When summer is in full swing, and even in the excitement of fall, it is easy to forget about winter. This may be a long or a shorter season for you, depending on where you live, but ignoring the garden is a mistake. Even if the cold keeps you mostly indoors, you still see it from the windows, and who wants to look out on a dreary scene for several months every year?
So when choosing plants for the garden, don’t forget about winter. Choose some plants that have special interest at that season, so that your garden will be attractive in all four seasons, not just in one or two. Winter interest can come from unusual branch patterns, colored twigs, and interesting bark, as well as from fruits and berries. A few plants even flower in the winter months – at least in milder areas – and these are especially valuable.
So with that in mind, let’s explore some groups of plants that are good choices for that important winter interest and color.

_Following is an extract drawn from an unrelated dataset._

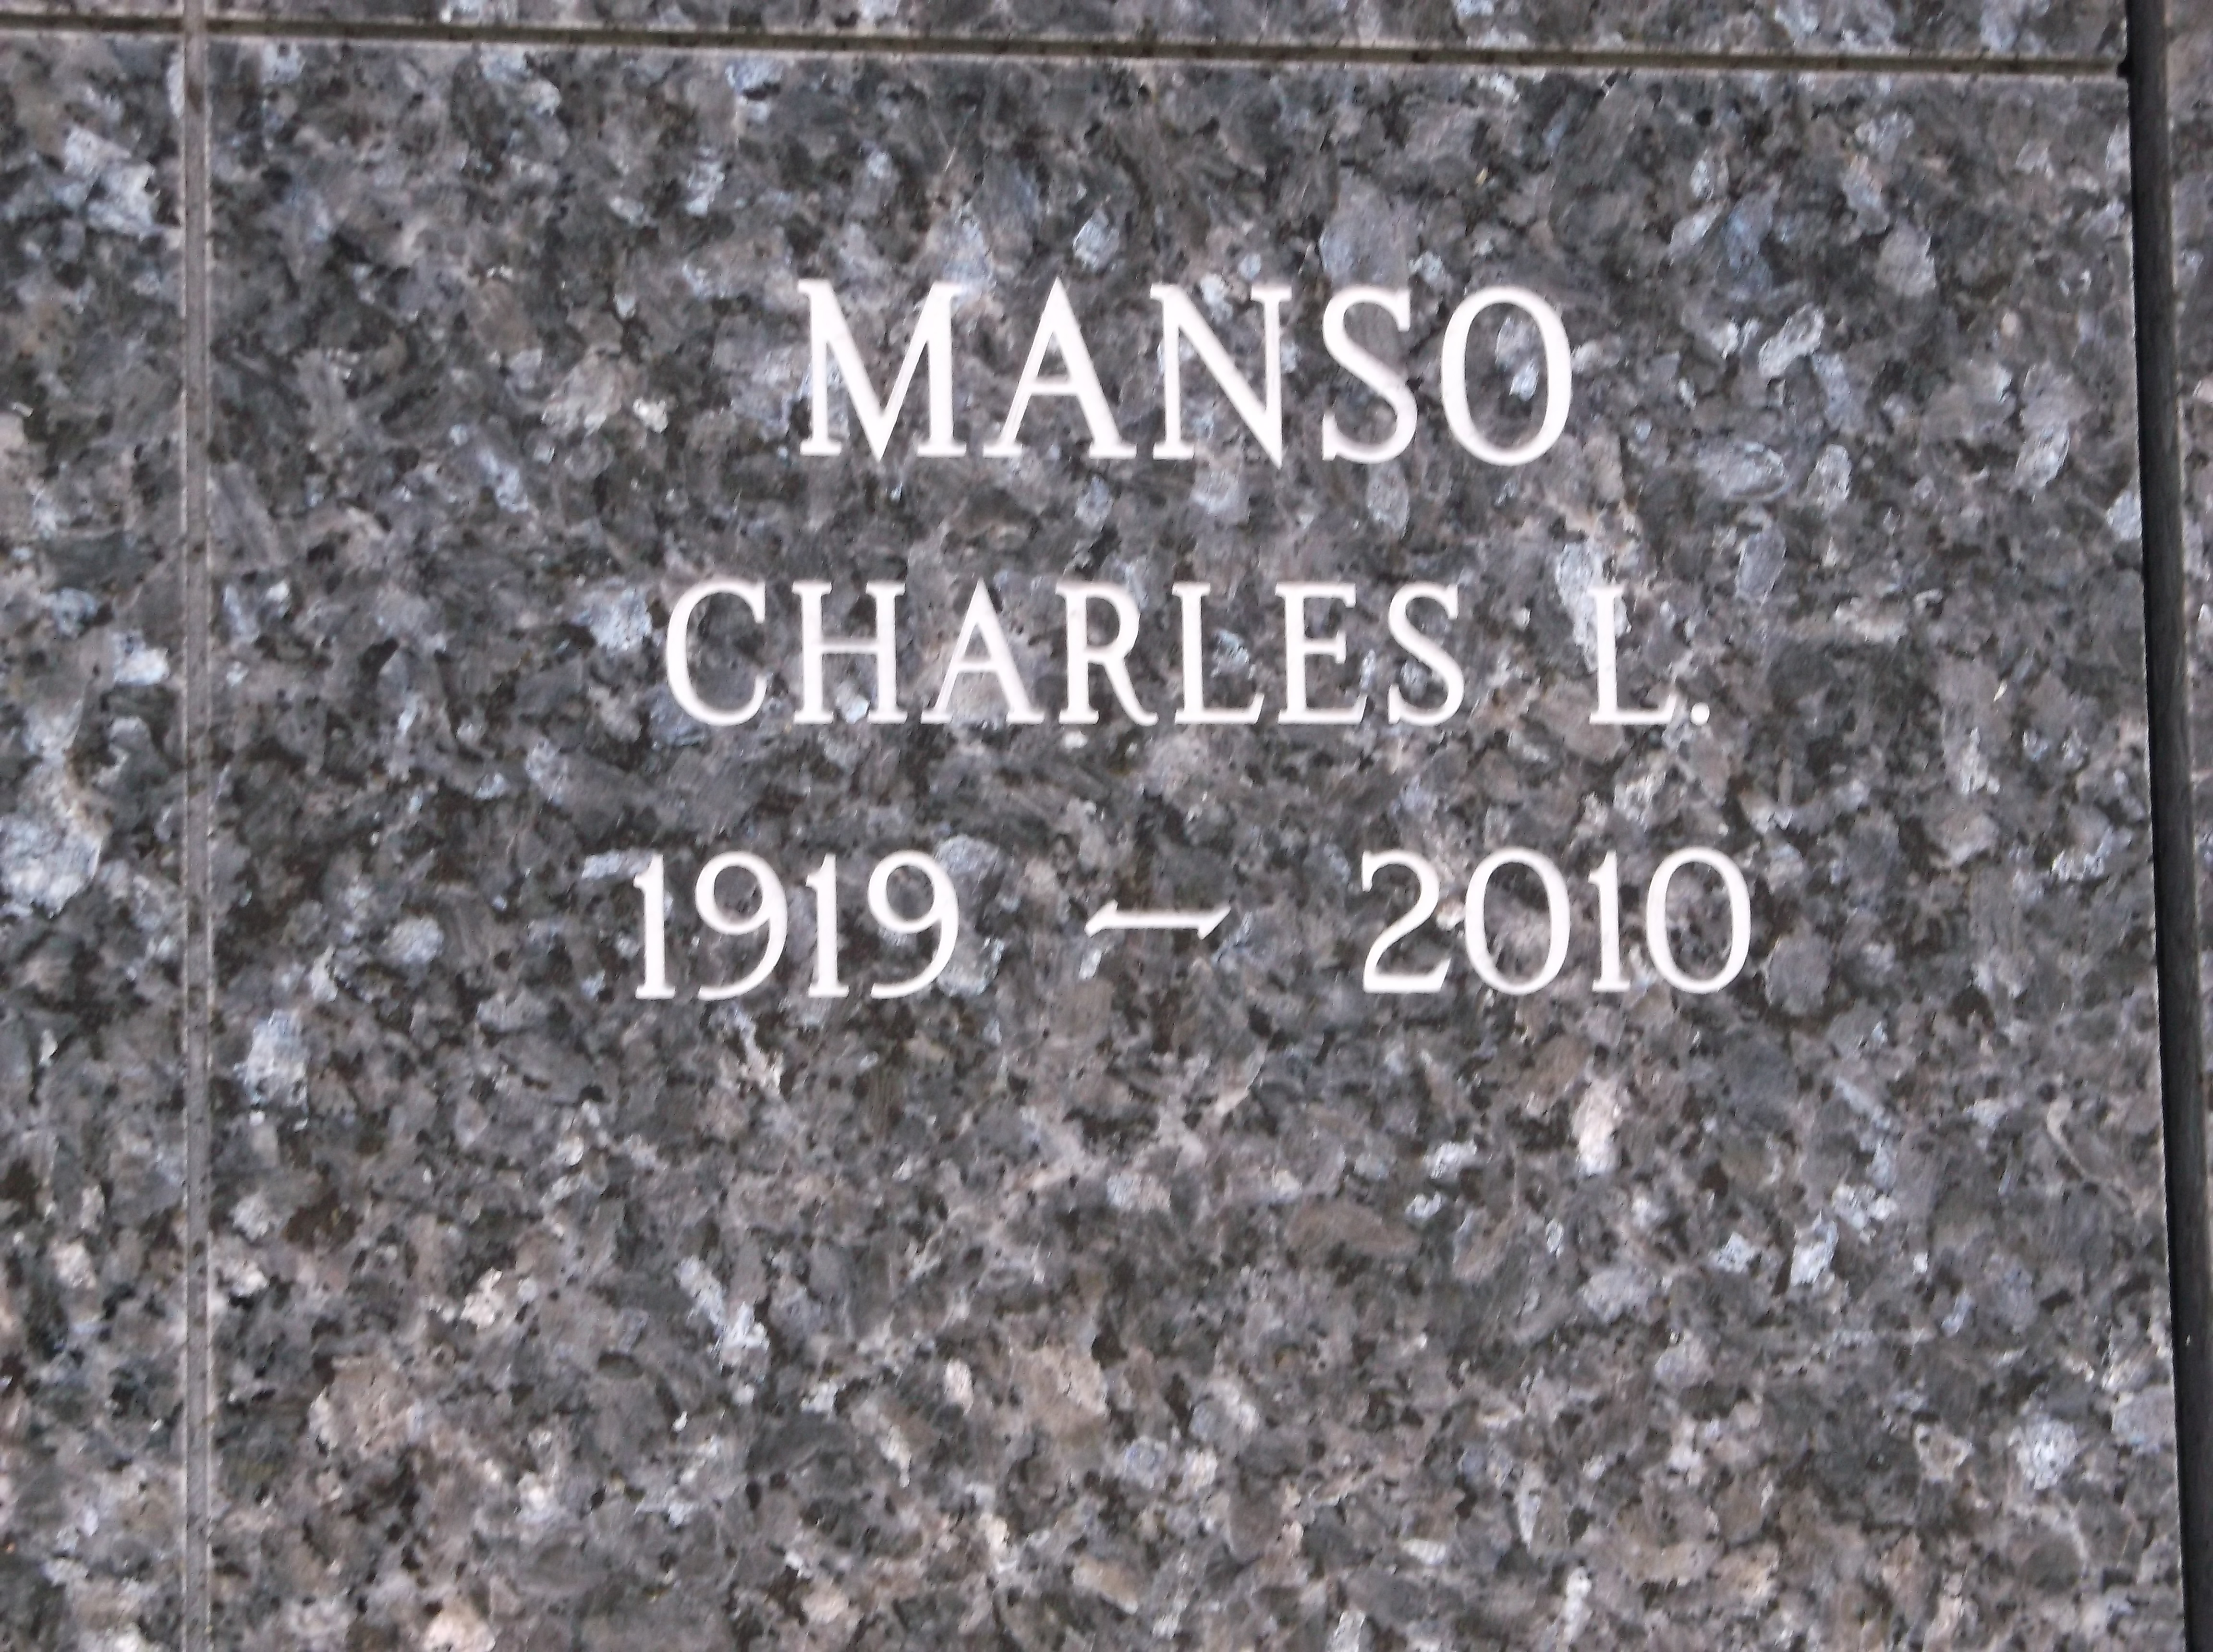 Charles L Manso
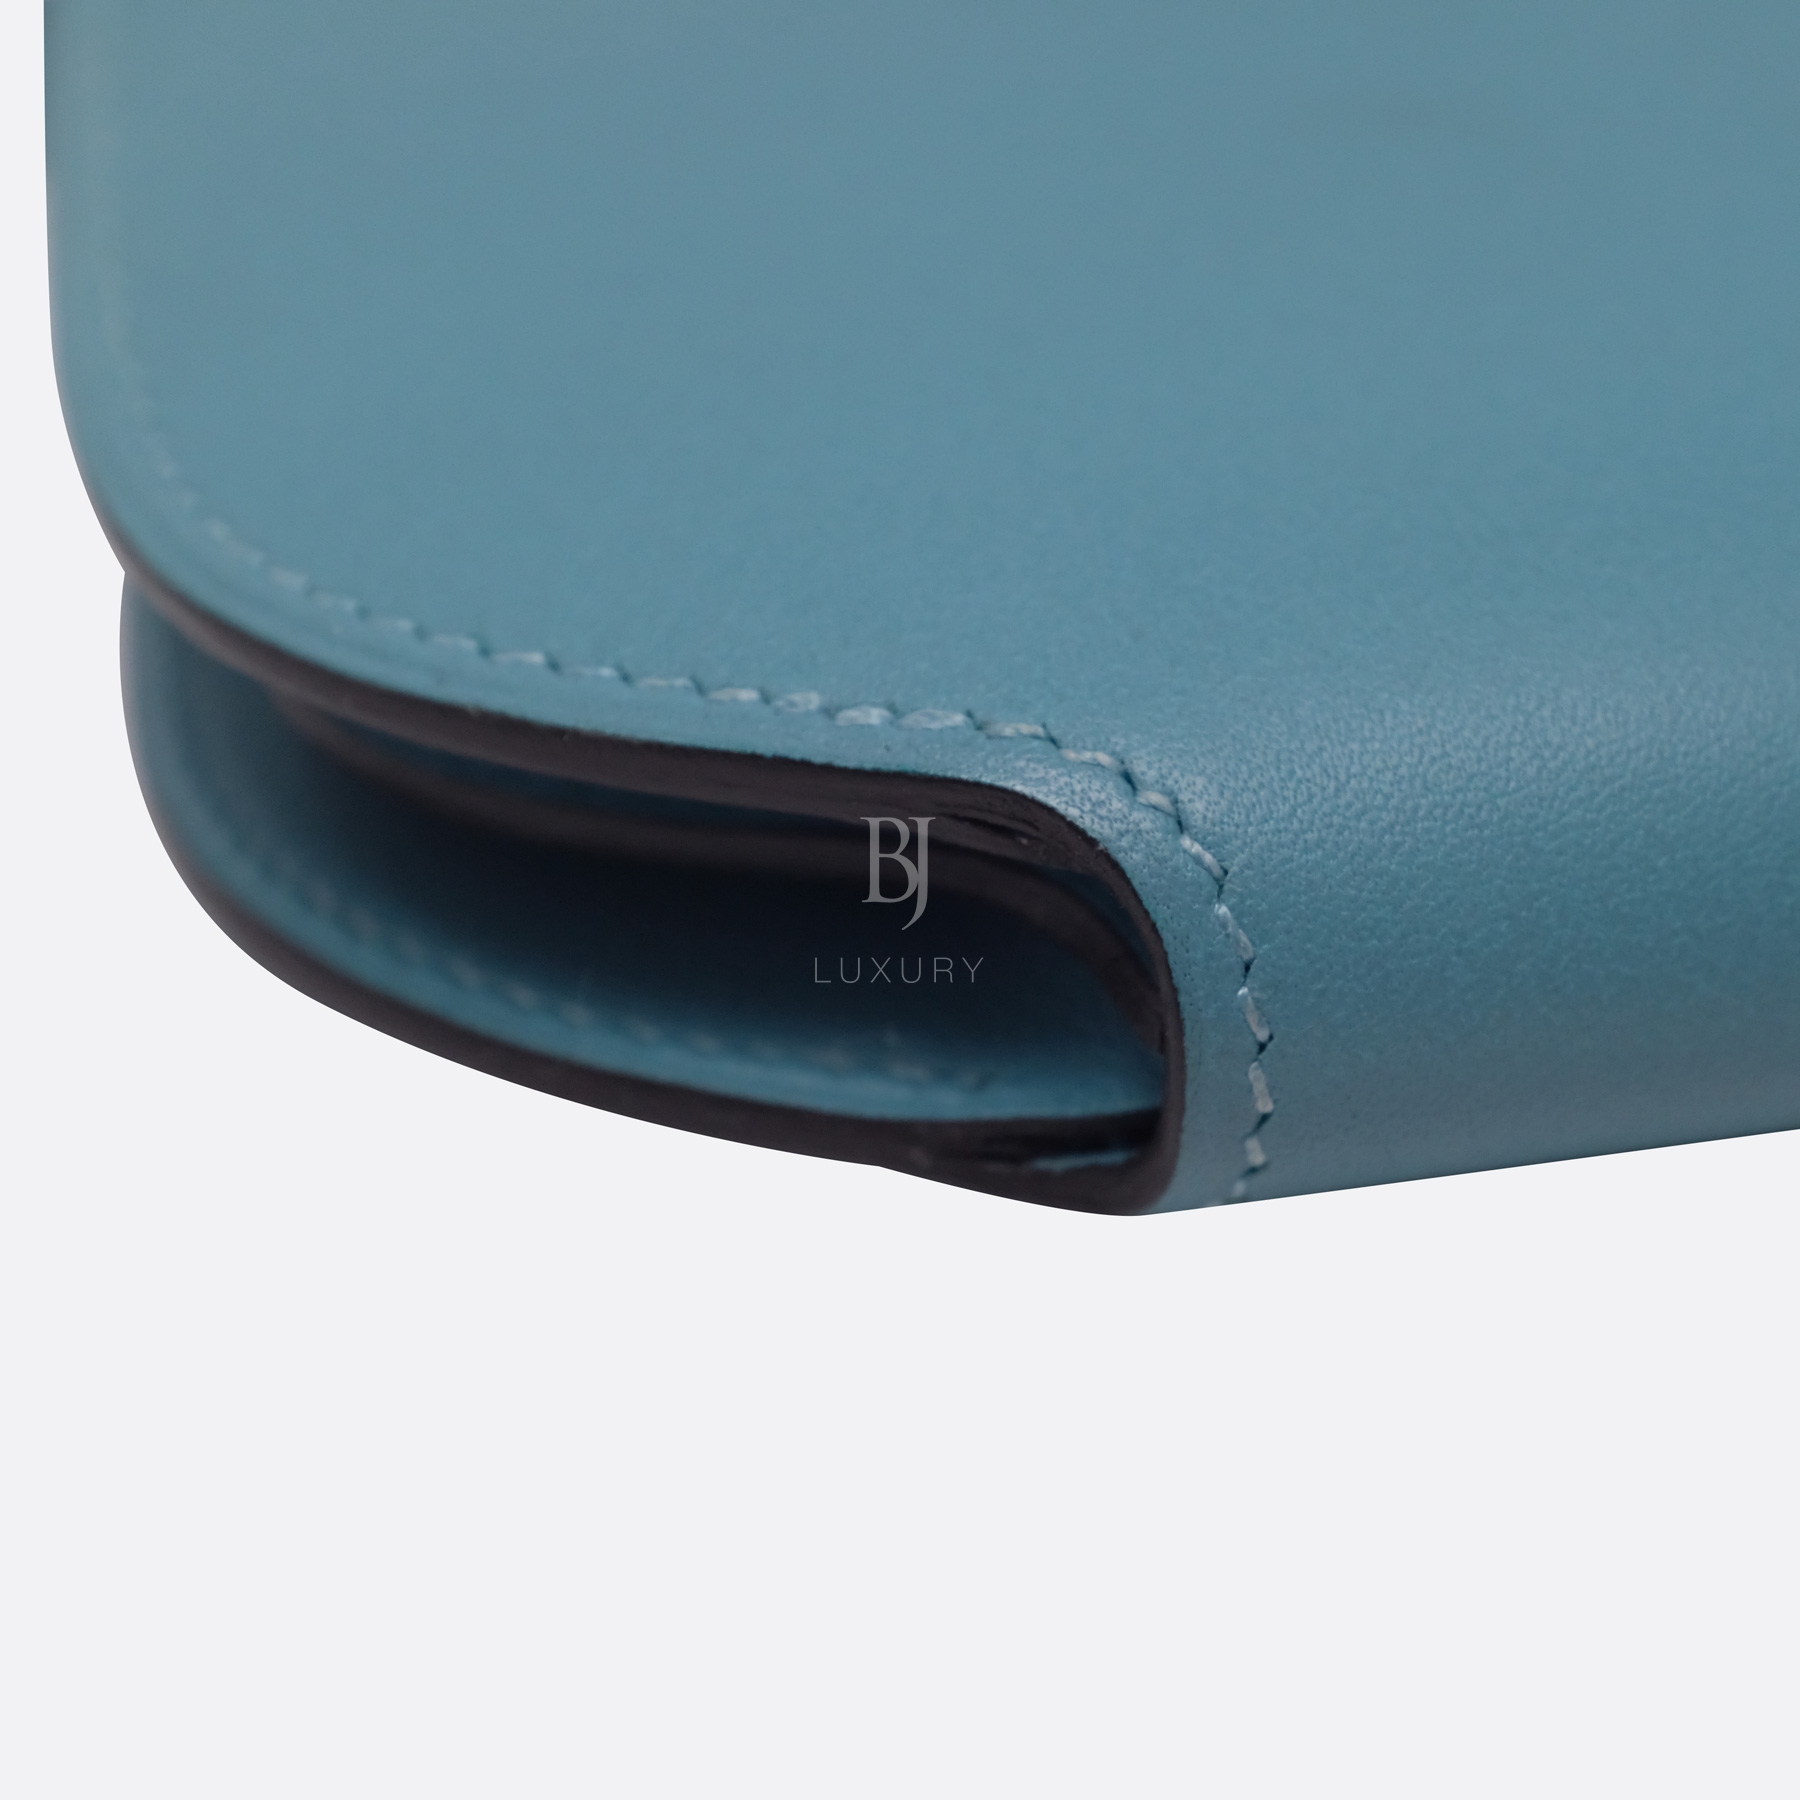 Hermes Conveyor Bag 16 Turquoise Swift Lizard Palladium BJ Luxury 10.jpg

Plants with Colored Winter Twigs
Glowing in the soft sun of a winter’s day, or standing out starkly against banks of white snow, plants with colorful twigs are an effective way to bring season-long color to your winter garden. Top place has to go to the twig dogwoods. These American native plants grow wild in damp soil and along streams, but they will be perfectly happy in ordinary garden conditions too. The wild plants have reddish twigs, but gardeners over the years have selected forms with the strongest colors, like the Red Twig Dogwood, as well as other colors, like the Yellow Twig Dogwood. Planted singly or in groups, these two plants will liven up the darkest days. Plant both together and the colors play off each other in an even more dramatic fashion. These easy to grow plants ask very little from you, but to get the best color, prune out older branches each spring, or even cut right to the ground every 2-3 years. This will encourage the longest twigs and brightest color. You can also cut the branches and bring them indoors to brighten your indoor spaces too.
Winter Berry Displays
Nothing says ‘the festive season’ like holly berries, and these versatile evergreens are great garden plants too. If you have a smaller garden, plant the Foster Holly. This is the only holly that happily produces a profusion of bright red berries all by itself. With their glossy rich-green leaves, holly bushes are ideal for making your own door wreathes for the holidays, and they are excellent plants for partially shaded areas of the garden too, so no garden should be without these versatile plants.
If you live in colder areas and regular hollies burn in winter, take a look at the Blue Hollies, like the Blue Girl Holly and Castle Spire Blue Holly. These tough hybrid hollies shrug off cold weather, and still carry a profusion of those sought-after berries all winter long.
Southern Magnolia probably isn’t the first plant you think of when you think of winter color, although the glossy leaves with their beautiful brown velvet backs certainly bring an aristocratic look in winter. If you look a little closer you will see the fruits – like strange pine cones, nestling among the leaves. It is always a surprise when in early winter they start to open, and large, bright red seeds appear. These flash in the sunlight before eventually dropping to earth on a silken thread. If your garden is smaller, choose the Kay Parris Southern Magnolia, especially if you live in a colder region where you thought these wonderful trees would not do well. In warmer areas, the Little Gem Southern Magnolia is a reliable favorite. Of course, you always get the richly scented large white flowers, but once you notice those seedpods, you will appreciate this tree in wintertime too.
Other Shrubs for Winter Interest
To finish, let’s look at some plants with something different to offer in winter.
If you live in a warmer area, the Firepower Nandina, or Sacred Bamboo, will keep its bright red fall leaves all winter long, looking great even on the grayest days. Not really a bamboo at all, this shrub have large leaves divided into many small leaflets, so it makes a beautiful mound of fine texture in a sunny or shady spot in the garden. It really comes alive in winter, and only when the new shoots appear in spring will that vibrant mound of red turn green again.
Finally, let’s not forget the Crape Myrtles. Although usually thought of as summer flowering plants – and they certainly are that, especially in hot and dry parts of your garden – they can bring winter interest too. We usually suggest removing the spent flower heads to encourage more blooms, but if you leave the fall blooms untrimmed, they turn into fascinating sprays of seed heads that last all winter. Talk about versatile! You can never have too many Crape Myrtles in your garden.